The result is a mentality that treats the first-level abstractions, the concepts of physical existents, as if they were percepts, and is unable to rise much further, unable to integrate new knowledge or to identify its own experience — a mentality that has not discovered the process of conceptualization in conscious terms, has not learned to adopt it as an active, continuous, self-initiated policy, and is left arrested on a concrete-bound level, dealing only with the given, with the concerns of the immediate moment, day or year, anxiously sensing an abyss of the unknowable on all sides.

To such mentalities, higher concepts are indeterminate splinters flickering in the abyss, which they seize and use at random, with a nameless sense of guilt, with the chronic terror of a dreadful avenger that appears in the form of the question: “What do you mean?”

Words, as such people use them, denote unidentified feelings, unadmitted motives, subconscious urges, chance associations, memorized sounds, ritualistic formulas, second-hand cues — all of it hung, like barnacles, on some swimming suggestion of some existential referent. Consequently (since one cannot form concepts of consciousness without reference to their existential content), the field of introspection, to such people, is an untouched jungle in which no conceptual paths have yet been cut.
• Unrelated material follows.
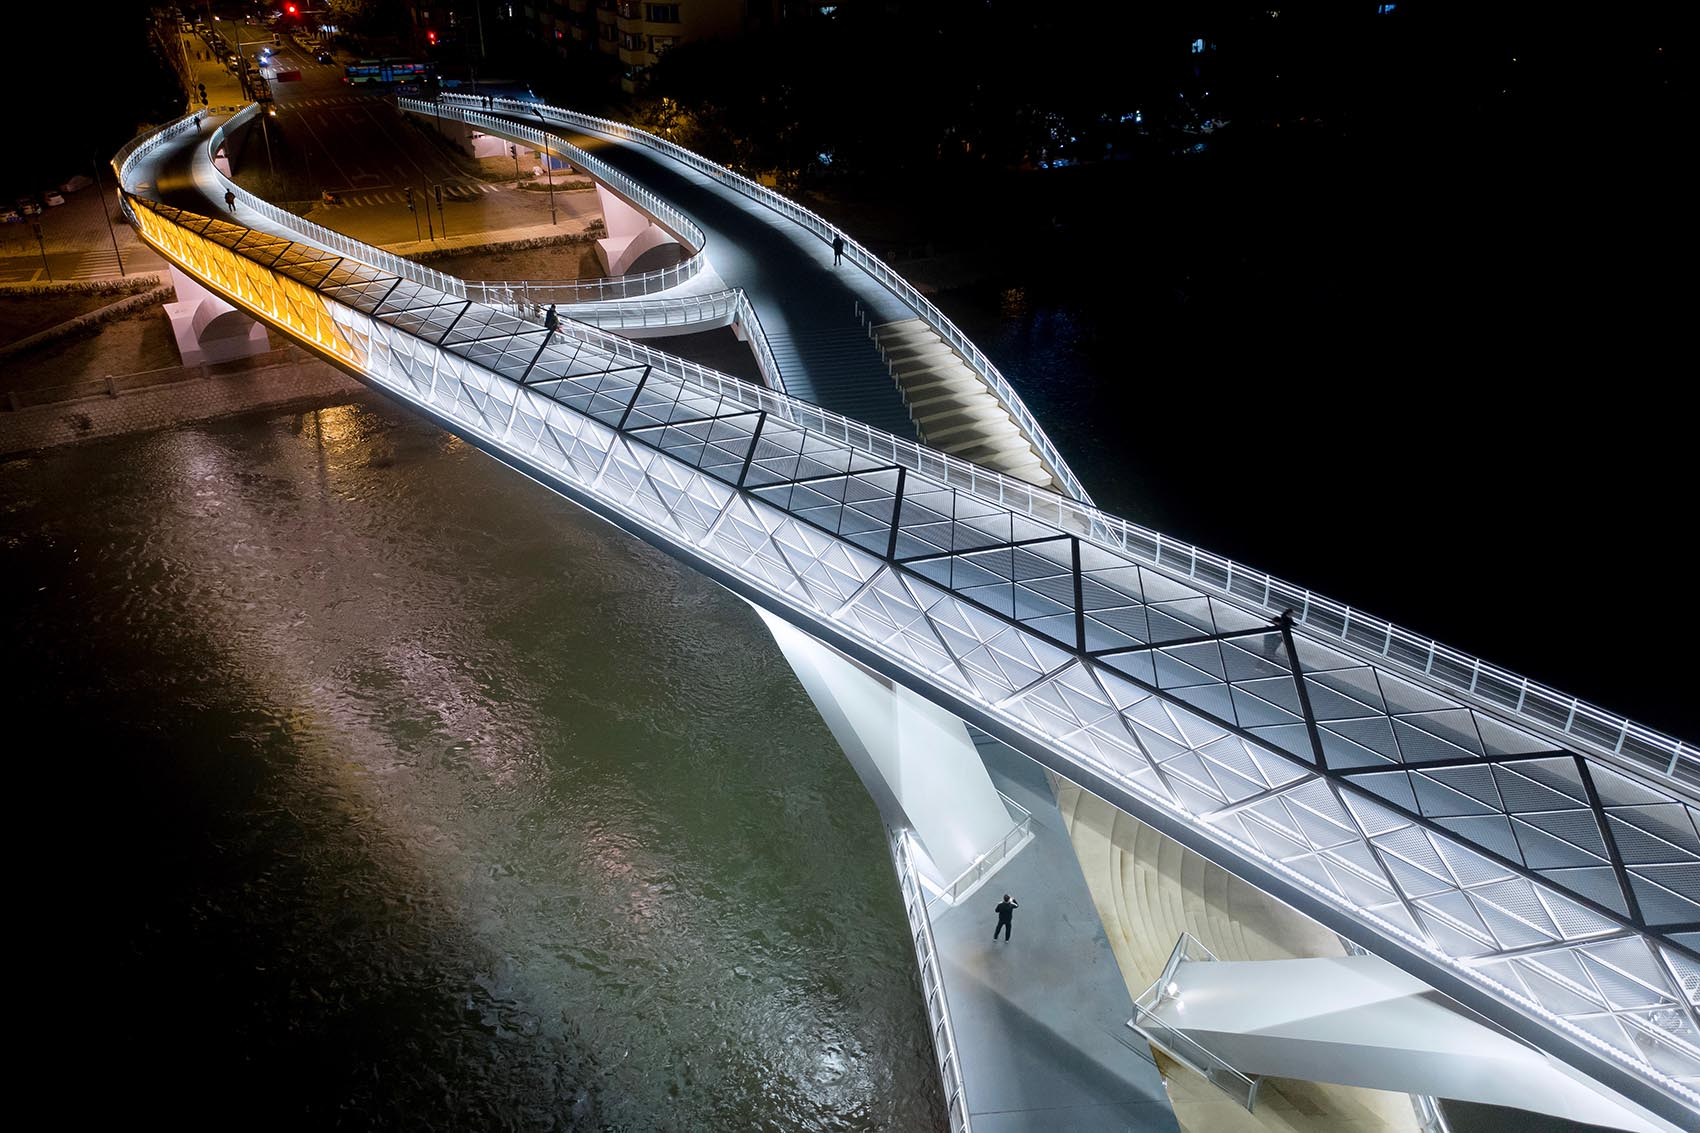 Nightshot 五岔子大橋 - Wuchazi Bridge (INFINITE LOOP)

They are unable to distinguish thought from emotion, cognition from evaluation, observation from imagination, unable to discriminate between existence and consciousness, between object and subject, unable to identify the meaning of any inner state — and they spend their lives as cowed prisoners inside their own skulls, afraid to look out at reality, paralyzed by the mystery of their own consciousness.

These are the mentalities that modern philosophy now asks us to accept as the criterion of the meaning of concepts.

The assault on man’s conceptual faculty has been accelerating since Kant, widening the breach between man’s mind and reality.
There is an element of grim irony in the emergence of Linguistic Analysis on the philosophical scene. The assault on man’s conceptual faculty has been accelerating since Kant, widening the breach between man’s mind and reality. The cognitive function of concepts was undercut by a series of grotesque devices — such, for instance, as the “analytic-synthetic” dichotomy which, by a route of tortuous circumlocutions and equivocations, leads to the dogma that a “necessarily” true proposition cannot be factual, and a factual proposition cannot be “necessarily” true. The crass skepticism and epistemological cynicism of Kant’s influence have been seeping from the universities to the arts, the sciences, the industries, the legislatures, saturating our culture, decomposing language and thought. If ever there was a need for a Herculean philosophical effort to clean up the Kantian stables — particularly, to redeem language by establishing objective criteria of meaning and definition, which average men could not attempt — the time was now. As if sensing that need, Linguistic Analysis came on the scene for the avowed purpose of “clarifying” language — and proceeded to declare that the meaning of concepts is determined in the minds of average men, and that the job of philosophers consists of observing and reporting on how people use words.

The reductio ad absurdum of a long line of mini-Kantians, such as pragmatists and positivists, Linguistic Analysis holds that words are an arbitrary social product immune from any principles or standards, an irreducible primary not subject to inquiry about its origin or purpose — and that we can “dissolve” all philosophical problems by “clarifying” the use of these arbitrary, causeless, meaningless sounds which hold ultimate power over reality. (The implicit psychological confession is obvious: it is an attempt to formalize and elevate second-handedness into a philosophical vocation.)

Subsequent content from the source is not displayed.